What do the numbers represent?

  • If we really think about it’s unlikely that the numbers represent quantities.
  • Instead, they probably represent the seasons of the year because we know there are four seasons.

Understanding the four seasons

  • The numbers (1 through 4) are probably a code for the each of the four seasons of the year.
  • Without additional information, such as a data dictionary or readme file, it would be impossible for the user of the data to know what the possible values of 1 through 4 correspond to in the categorical variable named season.

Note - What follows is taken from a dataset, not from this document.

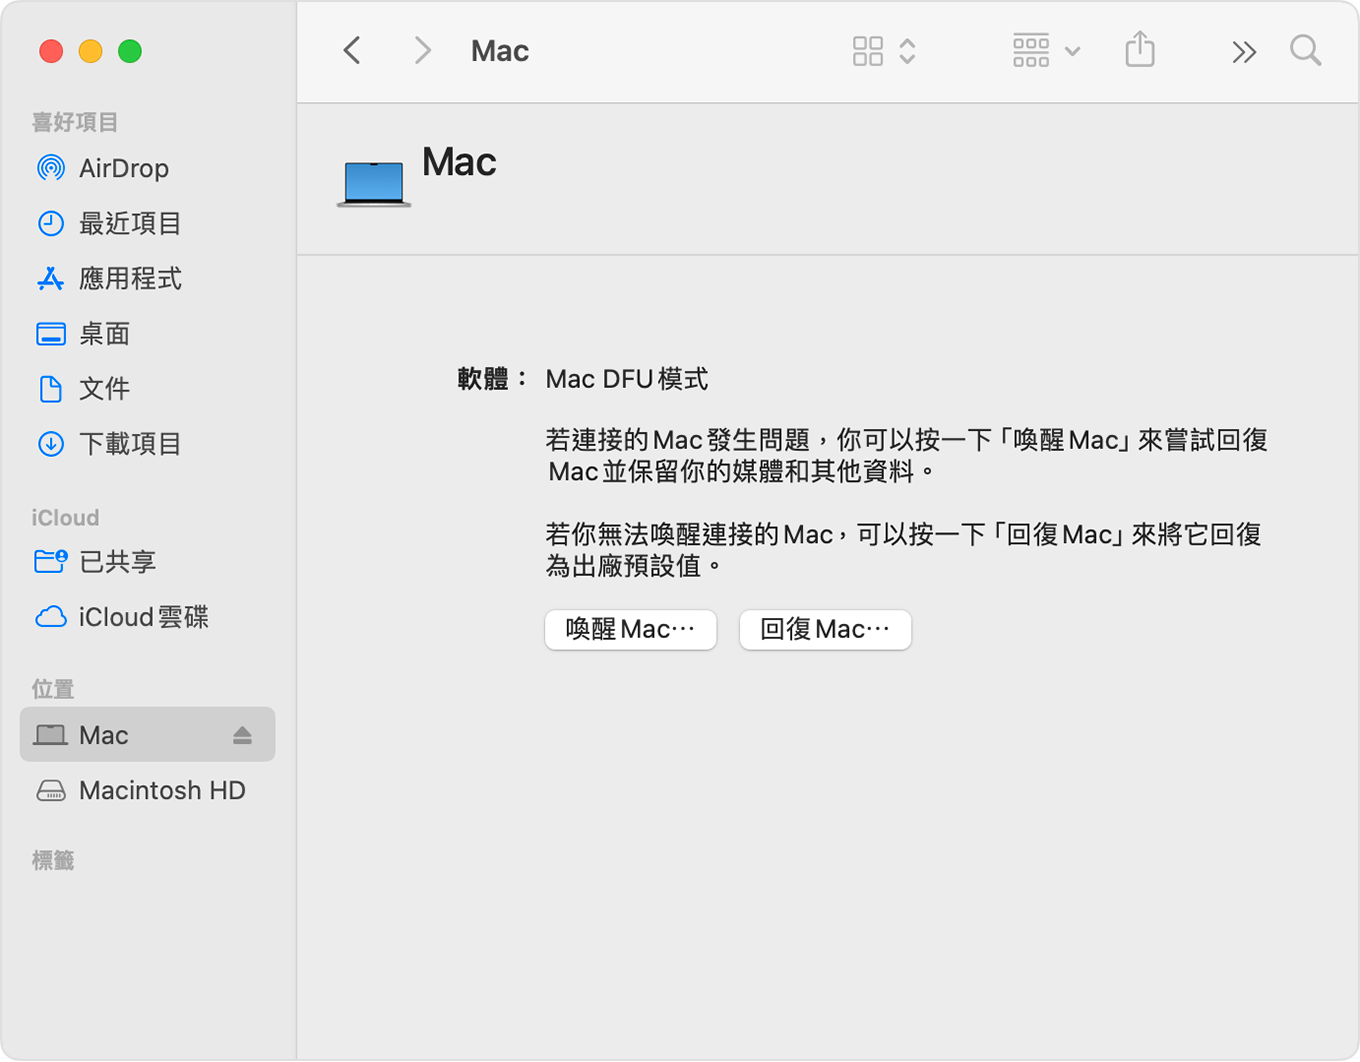 Finder 視窗顯示側邊欄中已選取「Mac」

Review the data dictionary

This leads us to the next step, reviewing the data dictionary along with the data set to better understand the meaning behind the values.

The data dictionary

  • A data dictionary defines the characteristics of each of the data attributes.
  • If your data comes from a reputable source, odds are that it is accompanied with a data dictionary or metadata.
  • To know which season is represented by each number in the variable season we can review the data dictionary.

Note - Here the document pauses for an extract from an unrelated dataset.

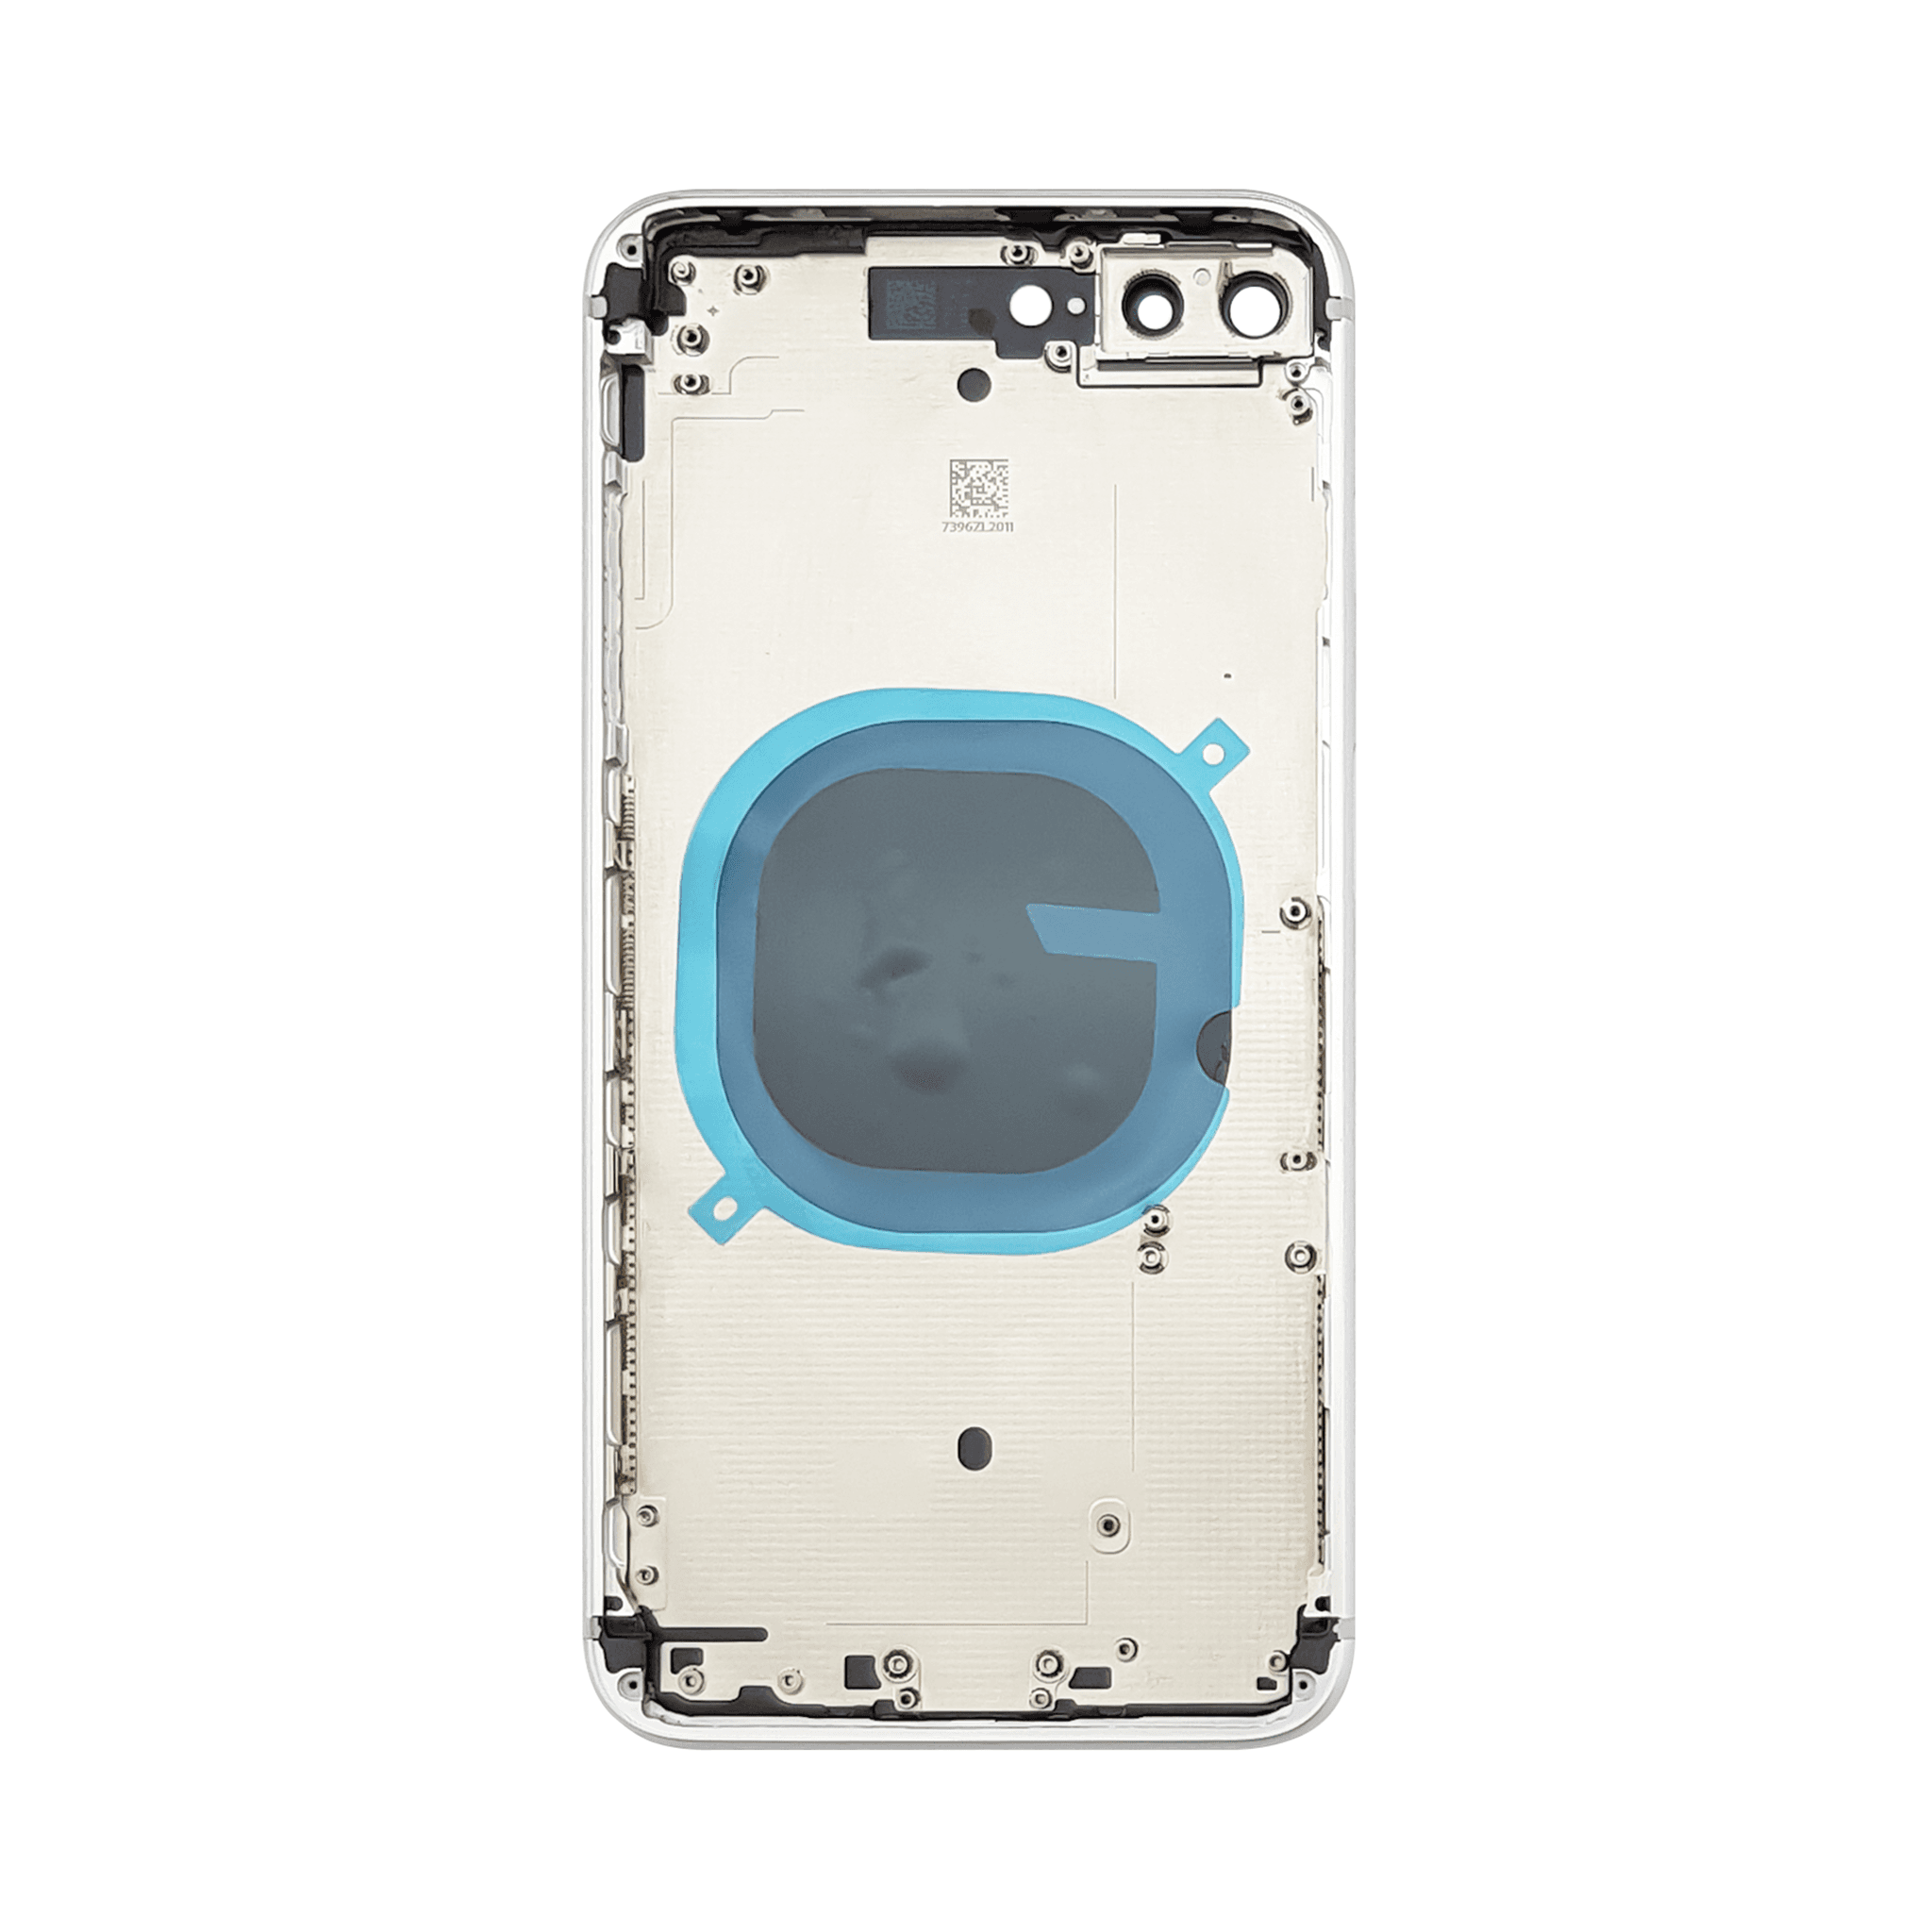 Korpus + kryt baterie iPhone 8 plus bílý

Reviewing the data dictionary

Field Definition
instant record index
dteday date
season season (1:winter, 2:spring, 3:summer, 4:fall)
yr year (0: 2011, 1:2012)
mnth month ( 1 to 12)
hr hour (0 to 23)
holiday weather day is holiday or not
weekday day of the week
workingday if day is neither weekend nor holiday is 1, otherwise is 0.
weathersit 1, 2, 3, 4
– 1 Clear, Few clouds, Partly cloudy, Partly cloudy
– 2 Mist + Cloudy, Mist + Broken clouds, Mist + Few clouds, Mist
– 3 Light Snow, Light Rain + Thunderstorm + Scattered clouds, Light Rain + Scattered clouds
– 4 Heavy Rain + Ice Pallets + Thunderstorm + Mist, Snow + Fog
temp Normalized temperature in degrees F
atemp Normalized feeling temperature in degrees F
hum Normalized humidity.
windspeed Normalized wind speed
casual count of casual users
registered count of registered users
cnt count of total rental bikes including both casual and registered

What did we learn?

  • season is a categorical variable defined by one of four values, each representing a season (1: winter, 2: spring, 3: summer, 4: fall).
  • year is coded with the value of 0 for 2011 and 1 for 2012, rather than actual year value of 2011 or 2012.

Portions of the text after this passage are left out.